Wise advice for anyone in any position. Keep things civilized.
- “Ever heard of Plato? Aristotle? Socrates?” “Yes.” “Morons!”
This point can also be known as,
“Now, a clever man would put the poison into his own goblet, because he would know that only a great fool would reach for what he was given. I am not a great fool, so I can clearly not choose the wine in front of you. But you must have known I was not a great fool. You would have counted on it, so I can clearly not choose the wine in front of me. But iocane comes from Australia, as everyone knows! And Australia is entirely peopled with criminals. And criminals are used to having people not trust them, as you are not trusted by me, so I can clearly not choose the wine in front of you. And you must have suspected I would have known the powder’s origin, so I can clearly not choose the wine in front of me. You’ve beaten my giant, which means you’re exceptionally strong, so you could’ve put the poison in your own goblet, trusting on your strength to save you, so I can clearly not choose the wine in front of you! But, you’ve also bested my Spaniard, which means you must have studied, and in studying you must have learned that man is mortal, so you would have put the poison as far from yourself as possible, so I can clearly not choose the wine in front of me!”
Does one need any other introduction to Philosophy?
- “Never go up against a Sicilian when DEATH is on the line!
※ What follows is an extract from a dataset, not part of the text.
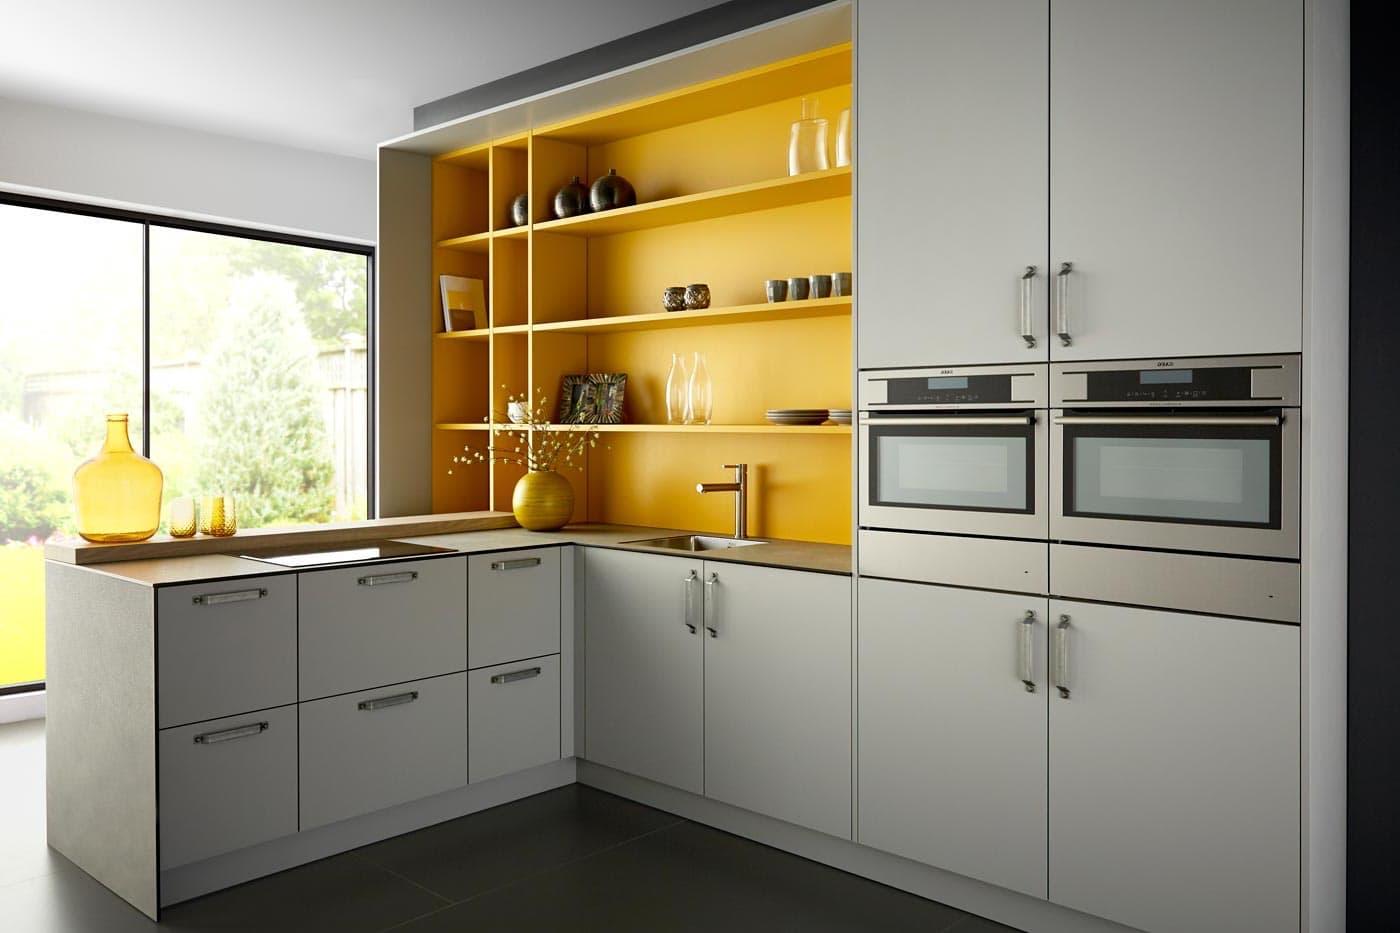 В оформлении интерьера кухни, трудно представить более удачный и взаимовыгодный симбиоз, чем сочетание серого и желтого цвета

AHAhaHAhA! AHAhaHA!”
Be careful of your word choice. If you say “death” when you should say “life”, well, you just lost your gamble. Your sneaky, childish gamble.
Also, beware of Sicilians.
- “Life IS pain! Anyone who says differently is selling something!”
There are people who sell things. And for some reason, they try to convince you that whatever they sell will make life a happy, joyous, romp through flower fields.
But no product can do that. No thing can get you through the Fire Swamp. Only Westley can do that.
- “Eyes like the sea after a storm”
If you find some one with eyes like the sea after a storm, you are morally obligated to marry him or her.
- “Oh my sweet Westley! What have I done?”
It is never too late to throw one’s self done a hill in an effort to join one’s true love. But you only get full points for doing somersaults.
- “Who says life is fair?”
This a sad truth. One that we need fairy tales to tell us. By means of making everything come out fair. An ideal world, the world as it should be. This is the beauty of fairy tales.
- “Westley and I are joined by the bonds of love. And you cannot track that, not with a thousand bloodhounds. And you cannot break that, not with a thousand swords. And I say you are a coward, it is only because you are the slimiest weakling every to crawl the face of the earth!”
True love will conquer all. This is not just a convention. This is poetry. This is truth. This truth is the source of all poetry.
And this is the most spunk that Buttercup shows for the entire movie. In fact, it is only here is where we start to like her again. Because, darn it, she needs to fight for her love. Love is worth fighting for!
- “Mawiage! That bwessed awANGEment! That DWEAM, wivIN, a DWEAM!”
Somehow, truths are still truths. Even when spoken in a silly voice. Sweet, impressive clergymen will usually be there, pointing the way. If only we would listen and not rush off to start a war.
- “It’s possible, pig. I might be bluffing. It’s conceivable, you miserable, vomitous mass, that I’m only lying here because I lack the strength to stand. But, then again… perhaps I have the strength after all.”
Drop. Your. Sword.
When a man who is as passionate, intense, dedicated, and talented with words as Westley is tells you to drop your sword, do it. And then, if you are a woman, marry him.
- As you wish.
This is was one of the sweetest declaration of love in all on cinema. Until I watched Shakespeare. But “as you wish” still has the ring total devotion and self-sacrificing love. It cements this relationship as one that, indeed, remains one of the of the top five love stories of all time.If life is pain, than love is an even worse pain.
The kind that makes you do silly things, like polish saddles and split wood and fetch pitchers . . . . it yet it is one of the most beautiful things about being human.